ACTIVITY: Reproduce the listing exactly and skip over any pictures.

DATA:
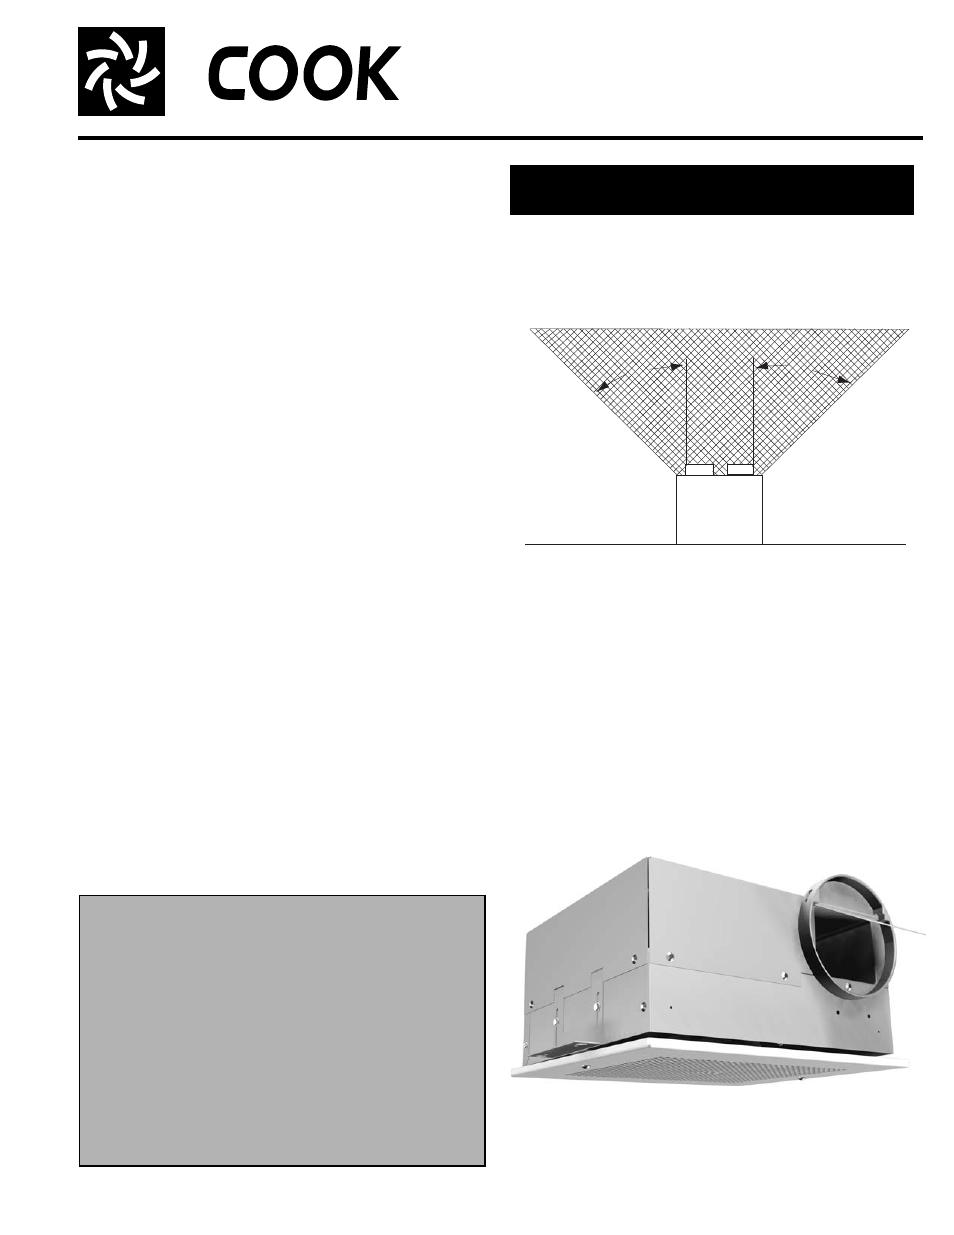 Cook Gemini 100 Series User Manual 4 Pages
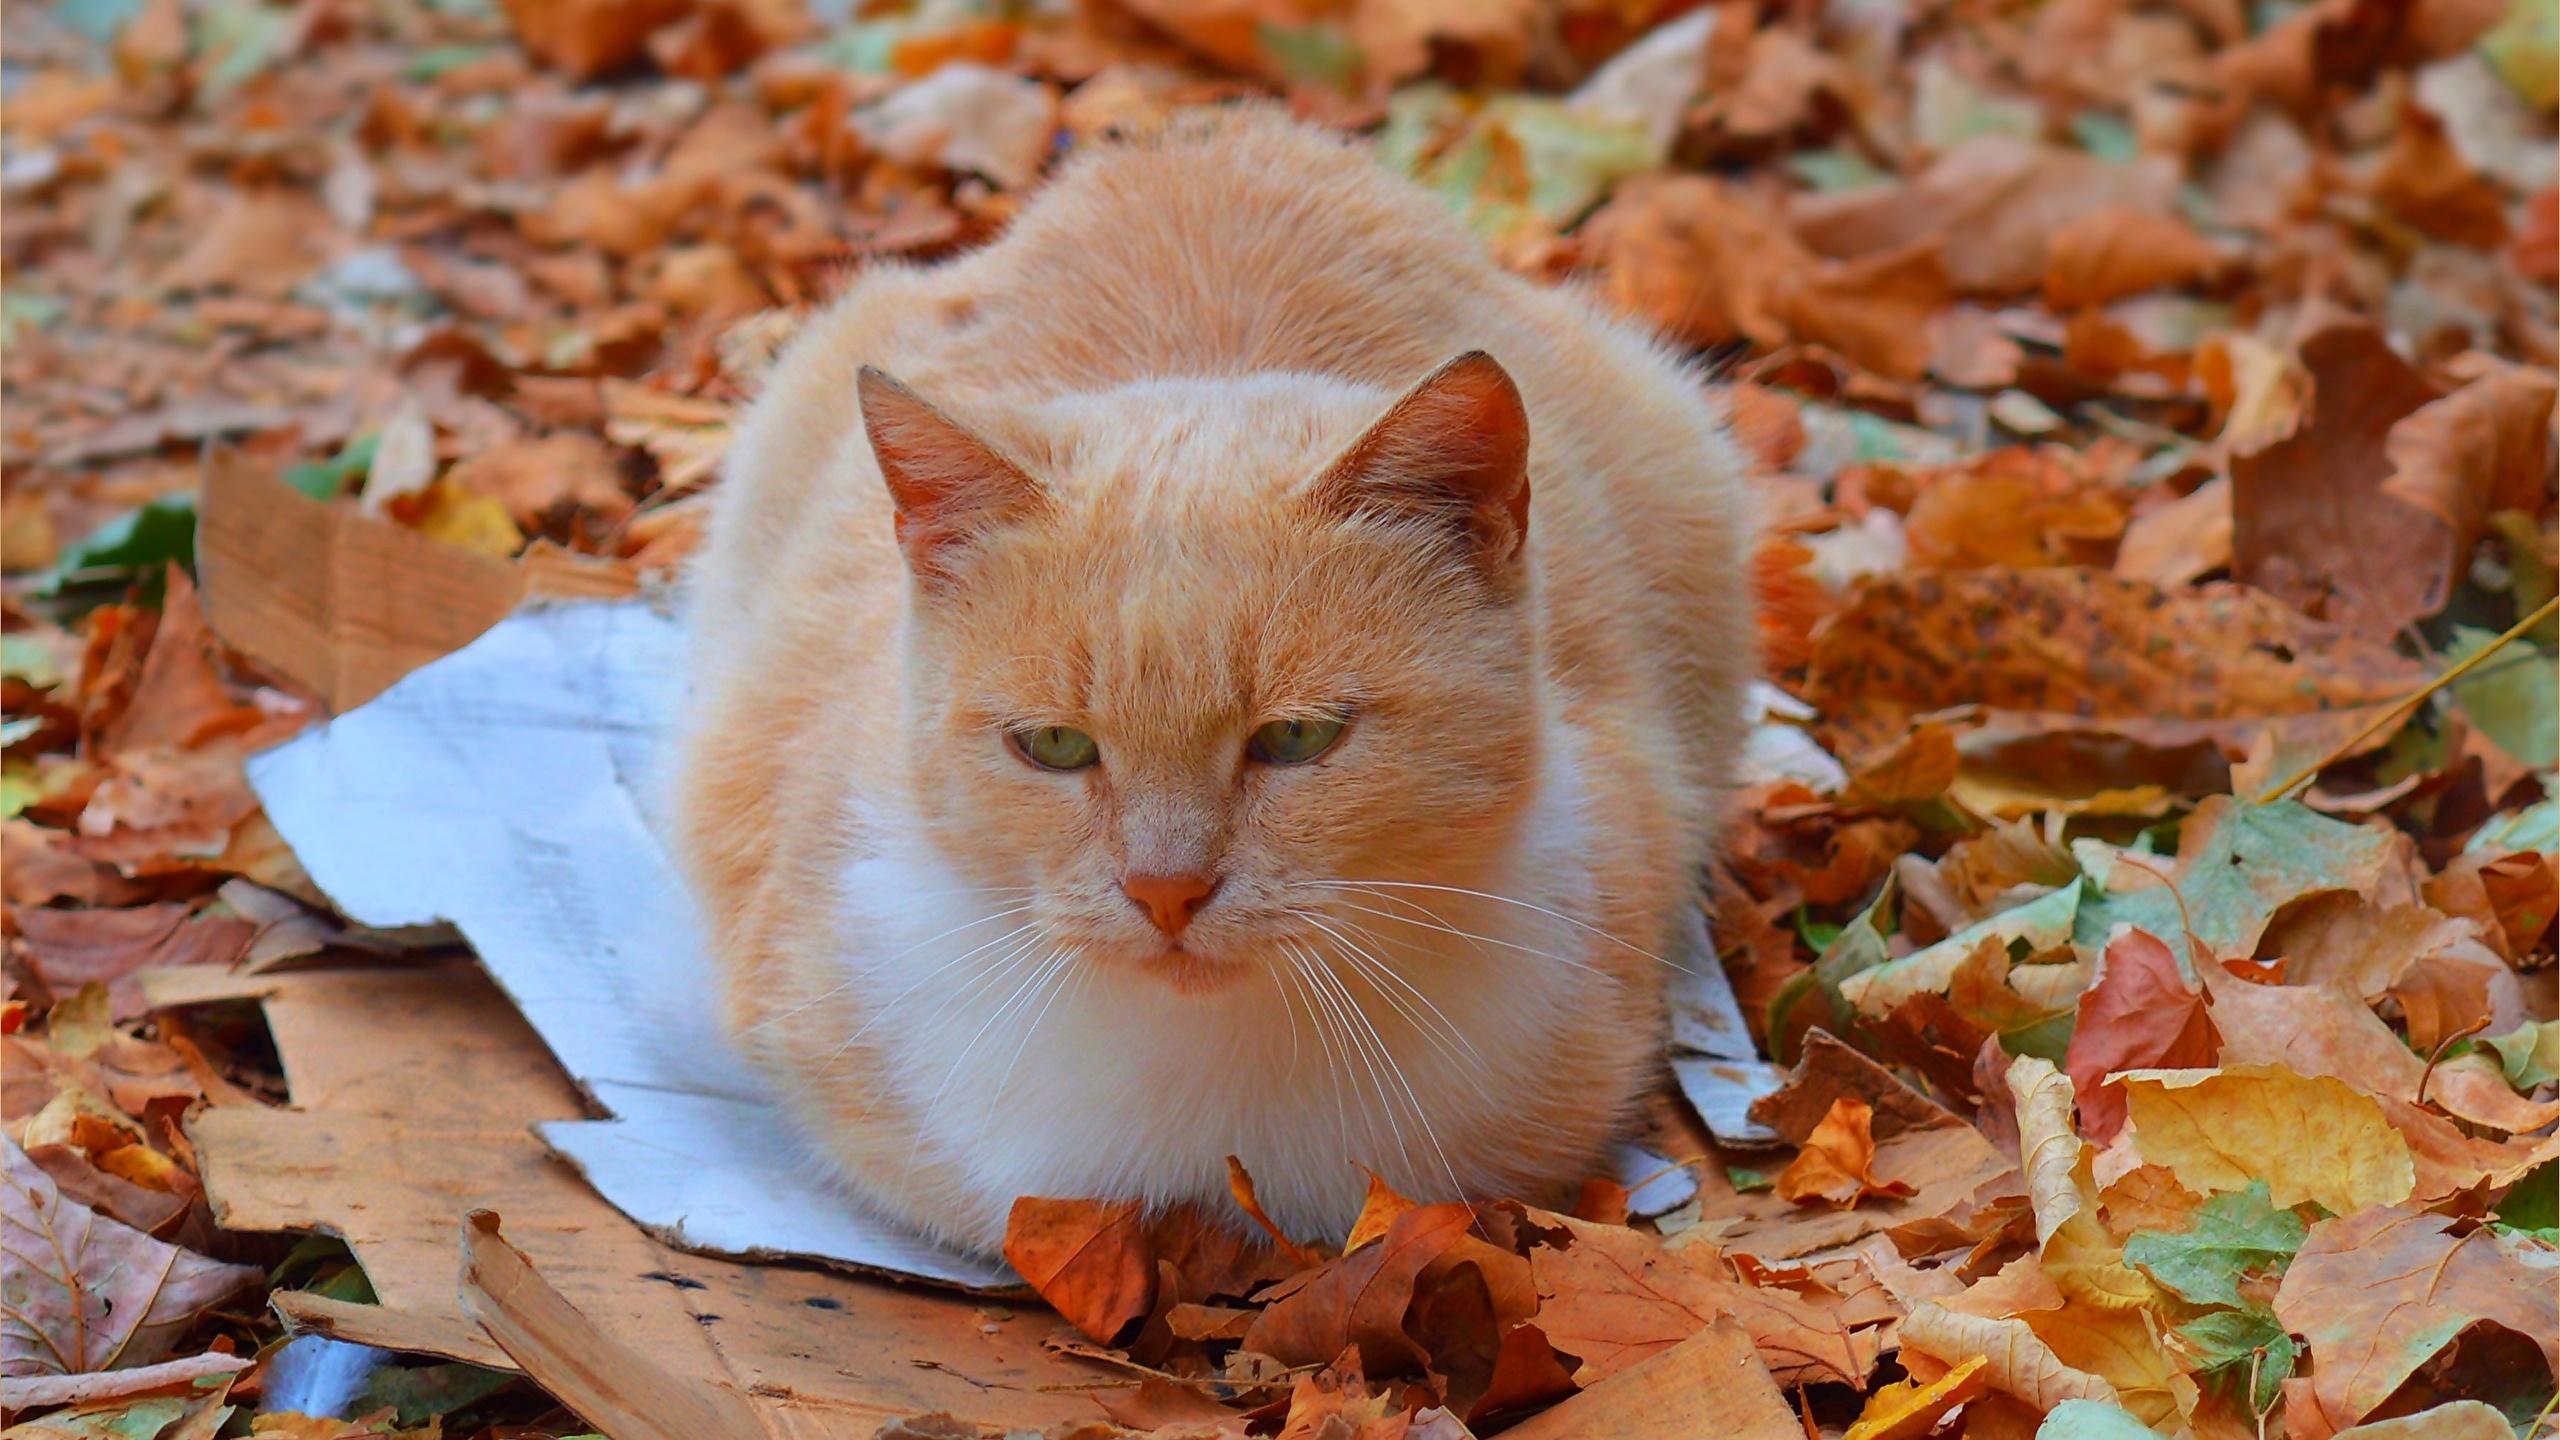 壁紙2560x1440飼い猫オレンジ色動物木の葉動物
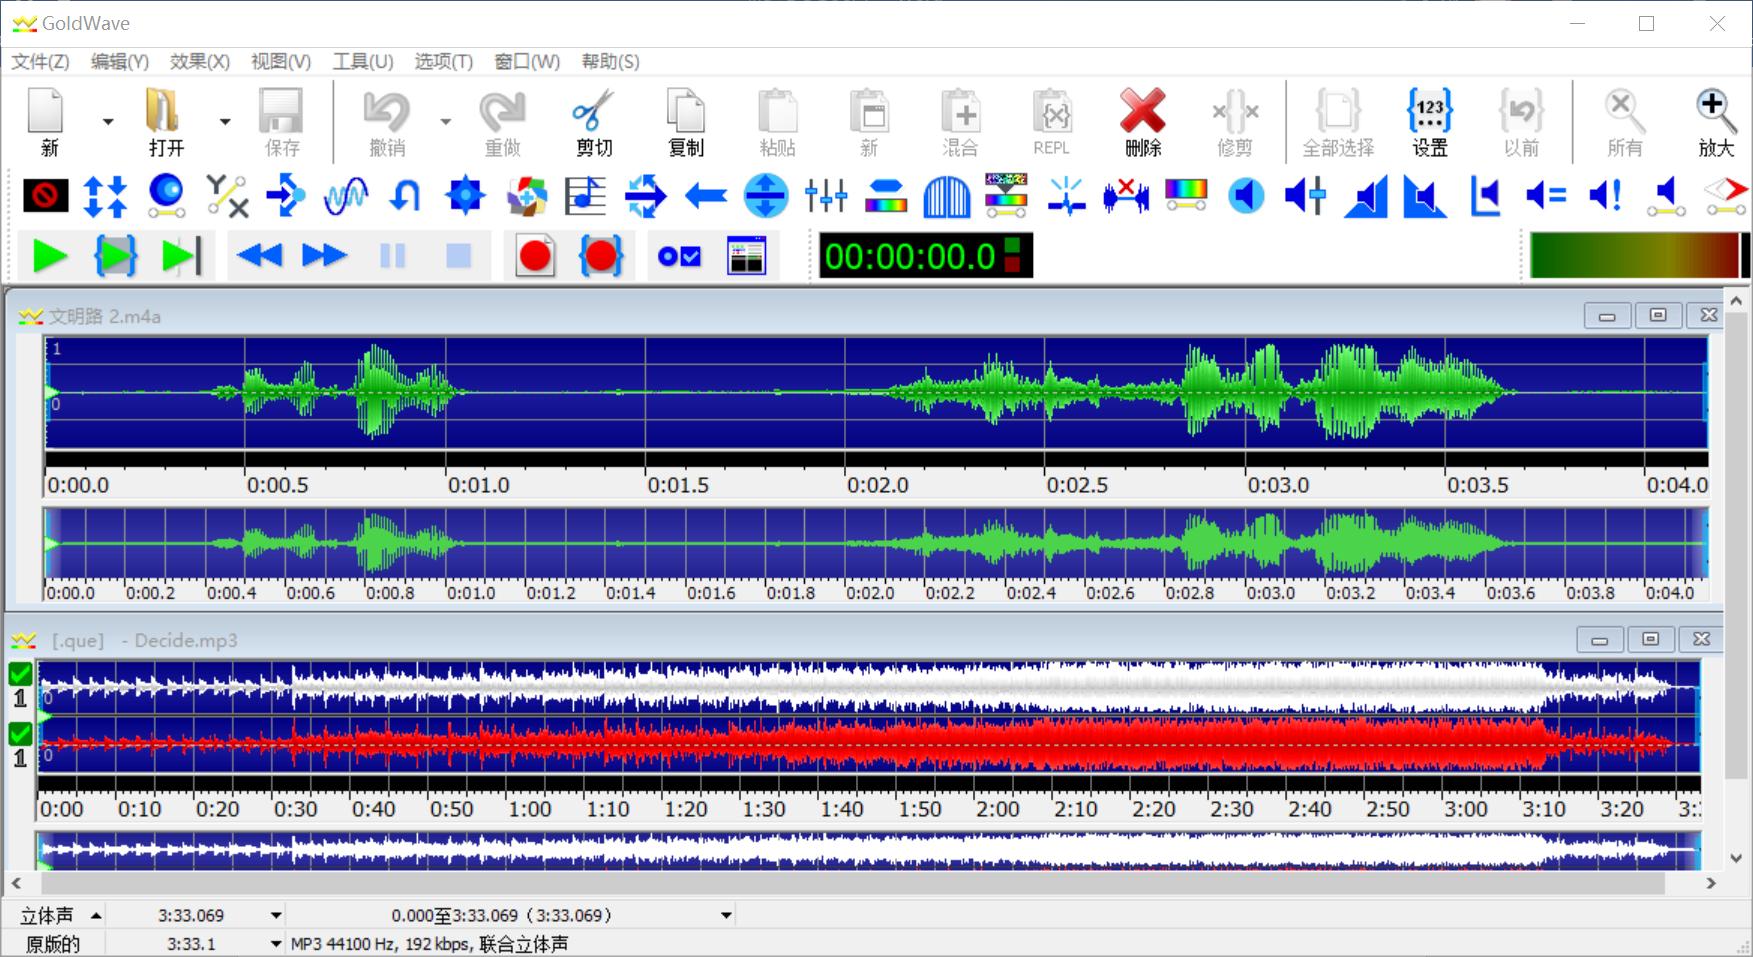 图片1:GoldWave同时打开两段音频窗口

WRITTEN SOLUTION:
 Cook Gemini 100 Series User Manual 4 Pages
 壁紙2560x1440飼い猫オレンジ色動物木の葉動物
 图片1:GoldWave同时打开两段音频窗口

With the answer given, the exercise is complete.